Brief:
Write out the listing from the line with "#art #graffiti #mural" to the line with "Vase en verre", both lines included, exactly and nothing beyond. Leave pictures out.
*** Records supplied Section Begins ***
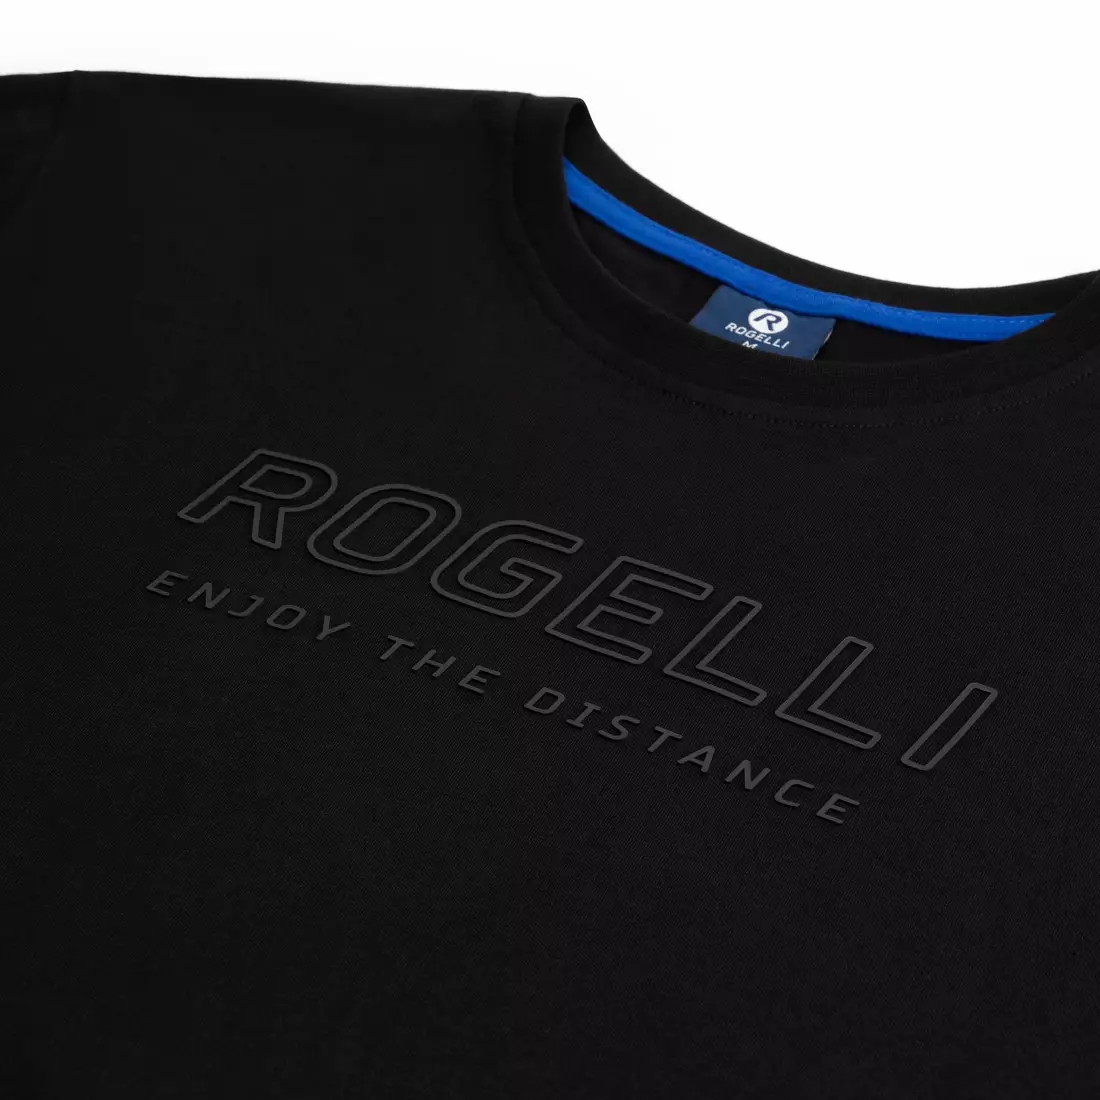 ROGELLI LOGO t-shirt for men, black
*** Records supplied Section Ends ***
*** Records supplied Section Begins ***
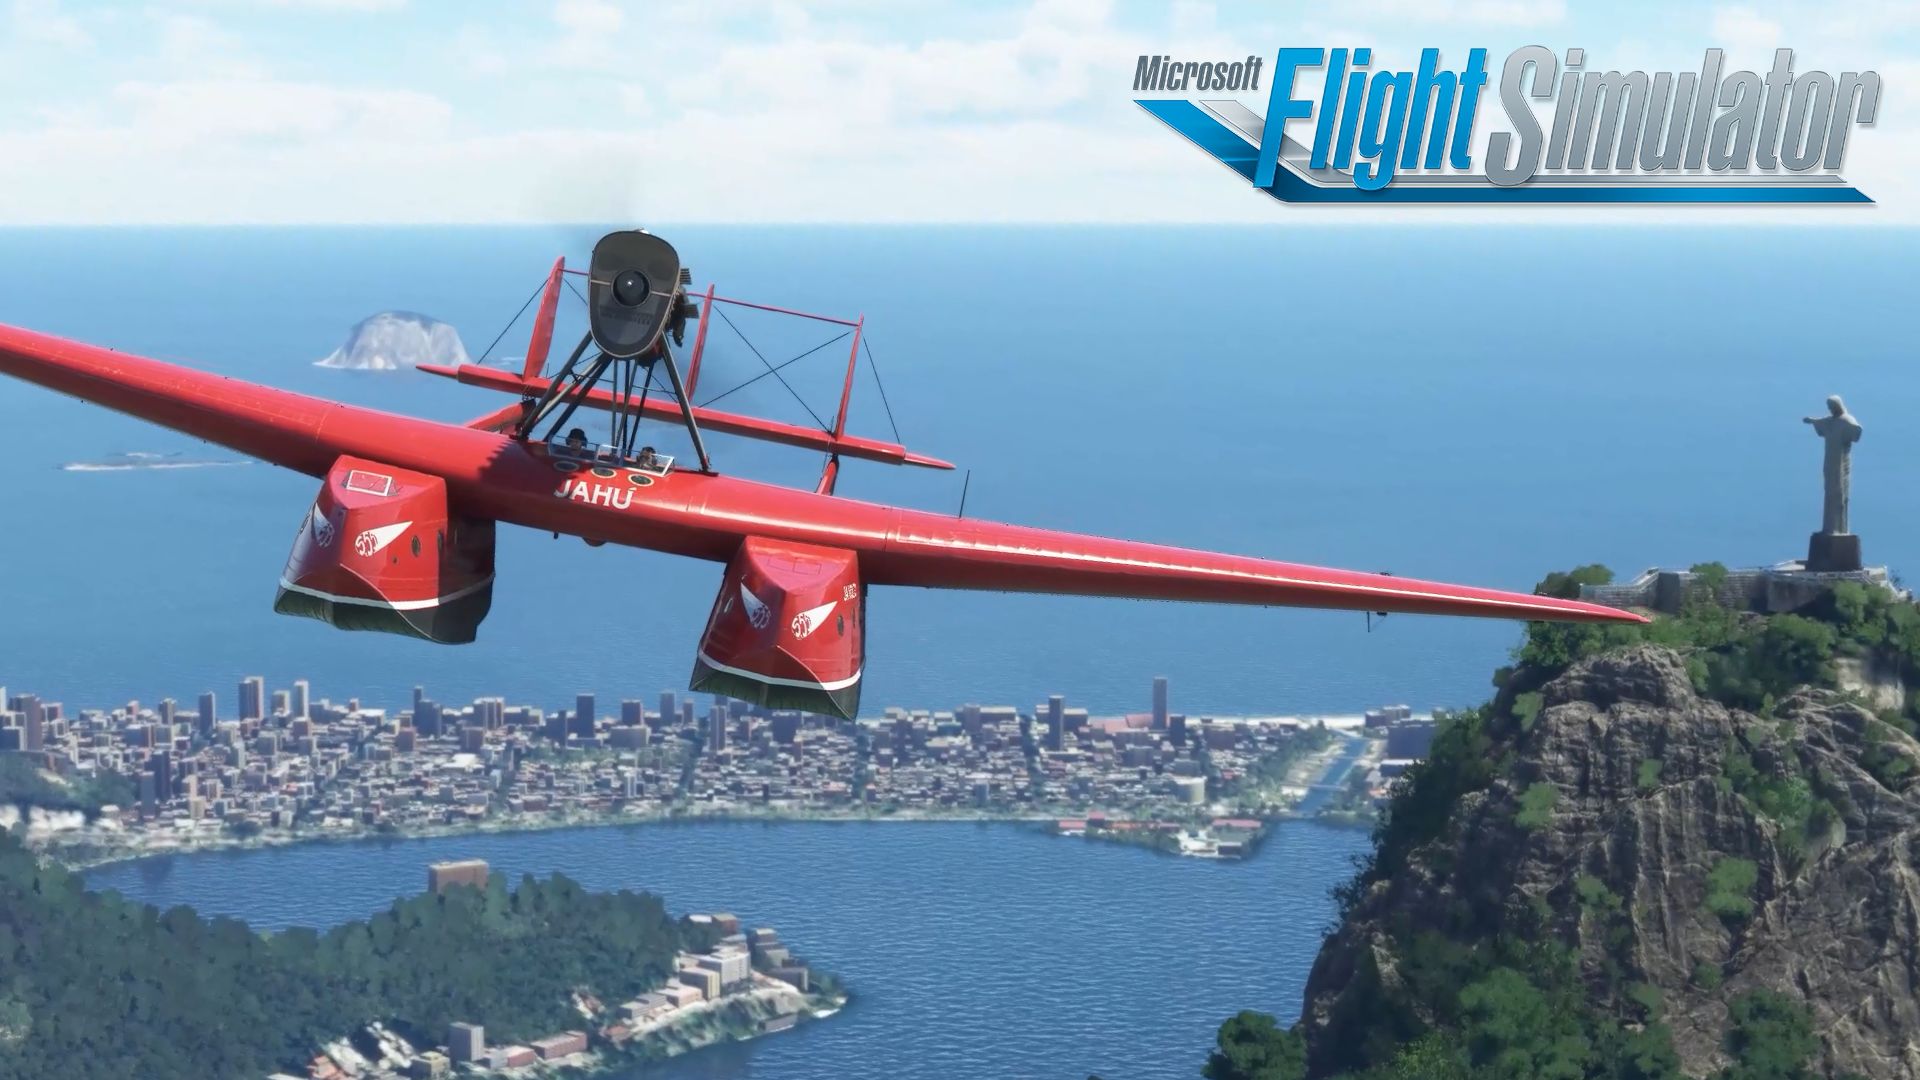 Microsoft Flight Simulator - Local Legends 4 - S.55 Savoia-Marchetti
*** Records supplied Section Ends ***
*** Records supplied Section Begins ***
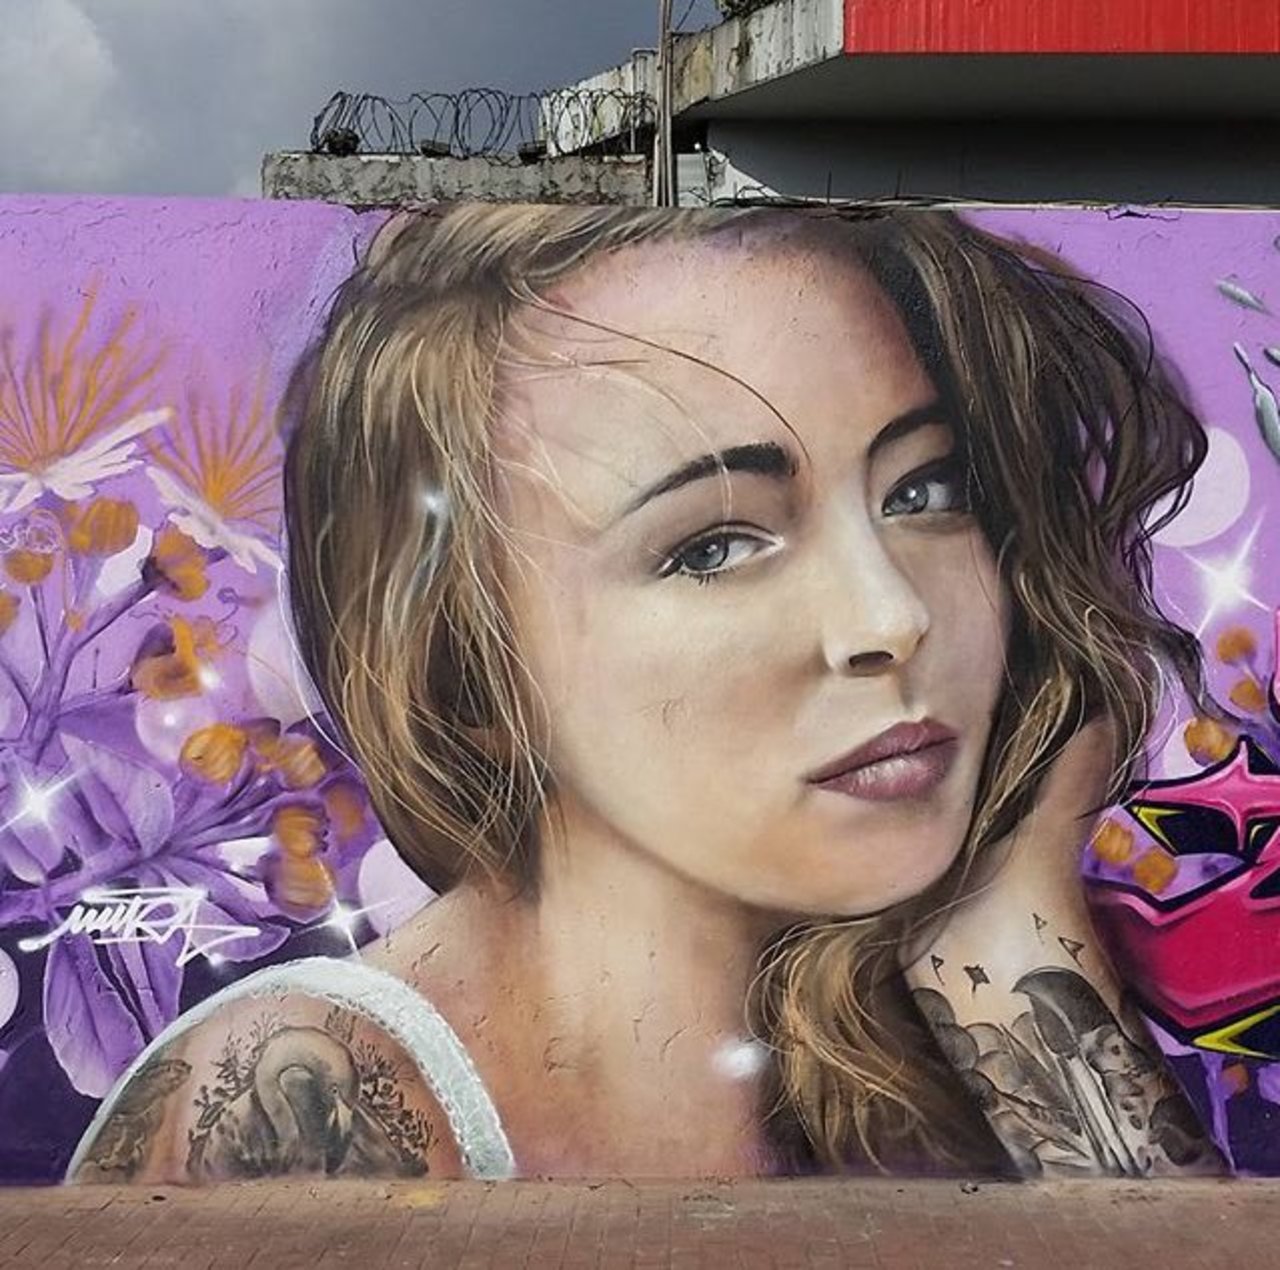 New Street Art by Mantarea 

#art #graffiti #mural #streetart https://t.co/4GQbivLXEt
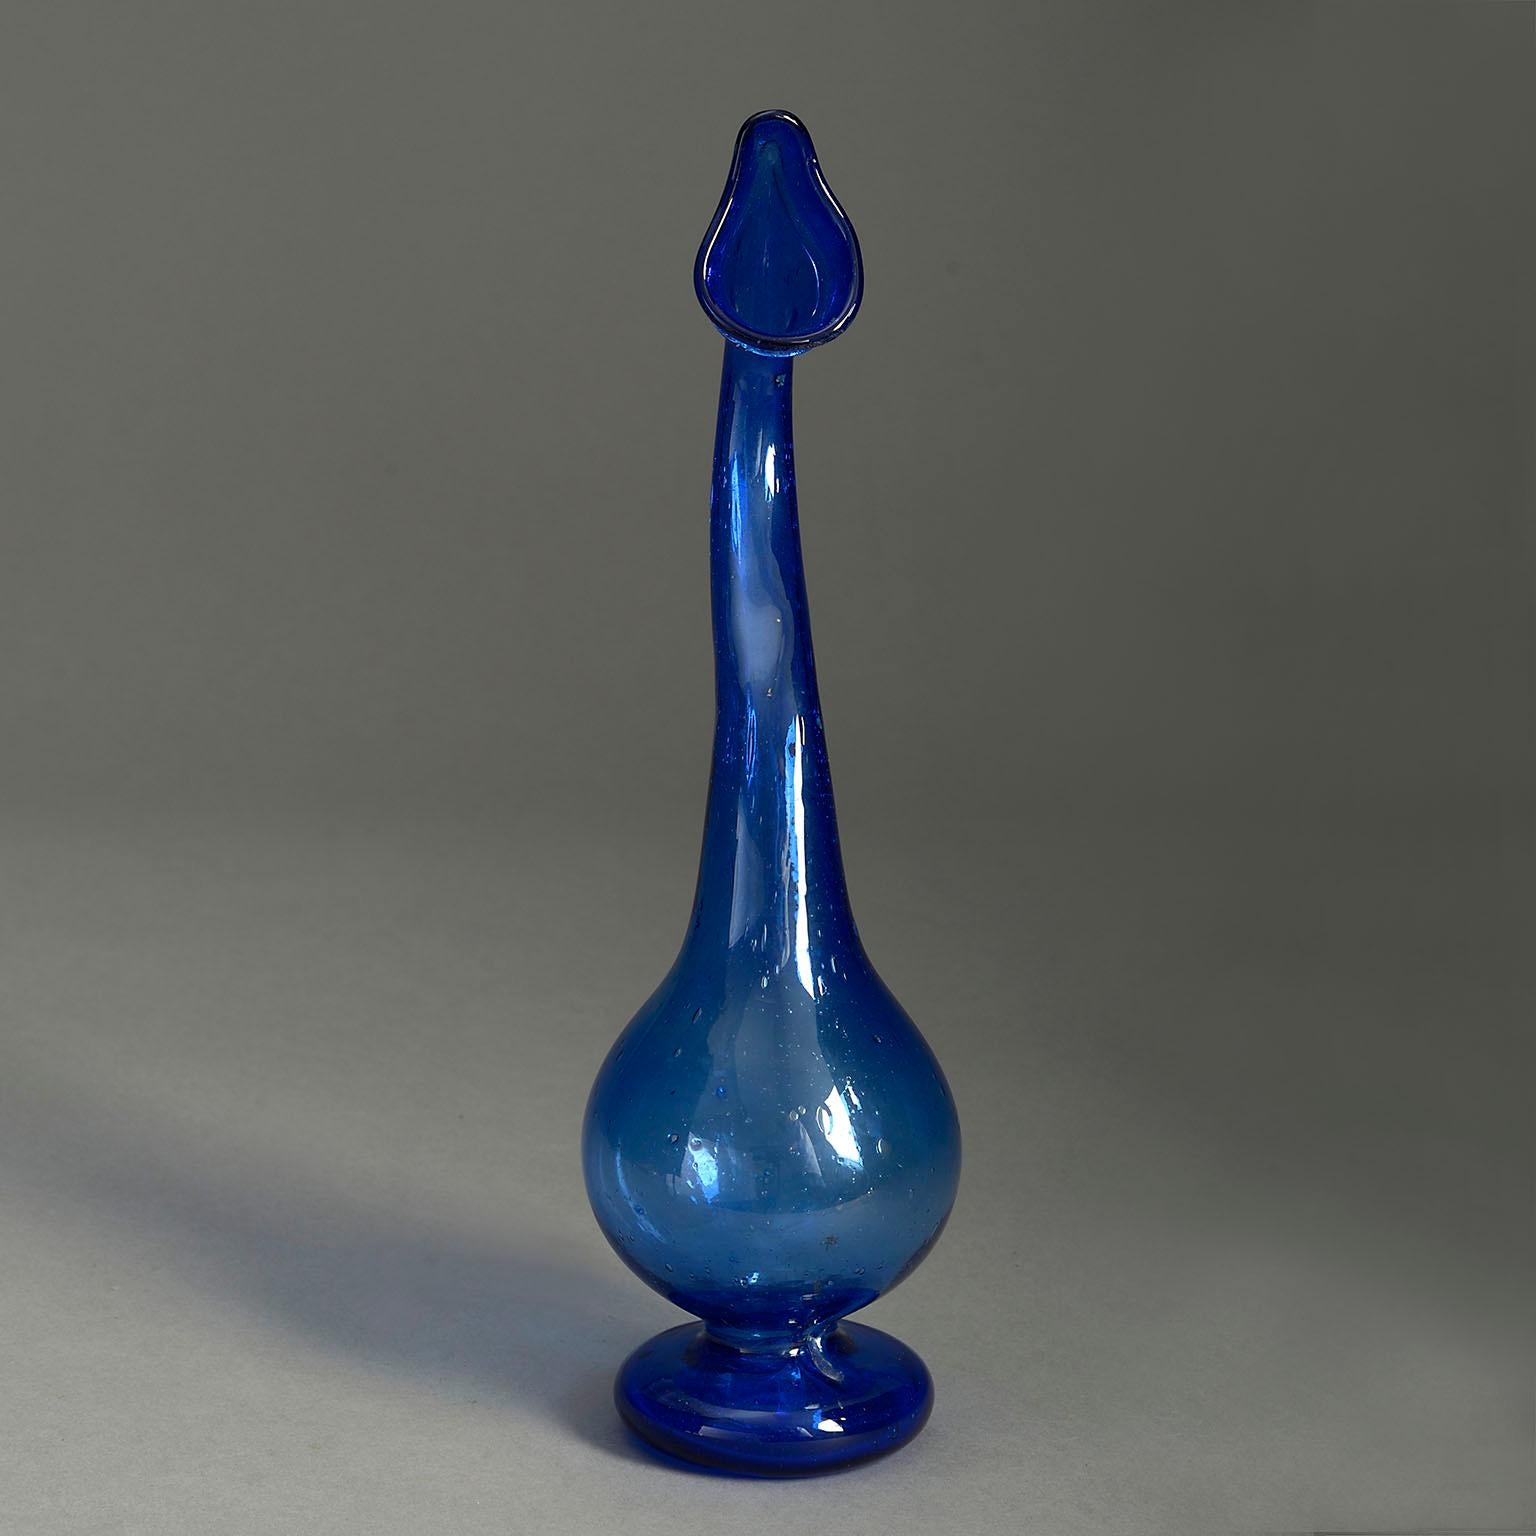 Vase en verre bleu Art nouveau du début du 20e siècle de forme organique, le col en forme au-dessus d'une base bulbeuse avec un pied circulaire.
*** Records supplied Section Ends ***
Solution:
#art #graffiti #mural #streetart https://t.co/4GQbivLXEt
 Vase en verre bleu Art nouveau du début du 20e siècle de forme organique, le col en forme au-dessus d'une base bulbeuse avec un pied circulaire.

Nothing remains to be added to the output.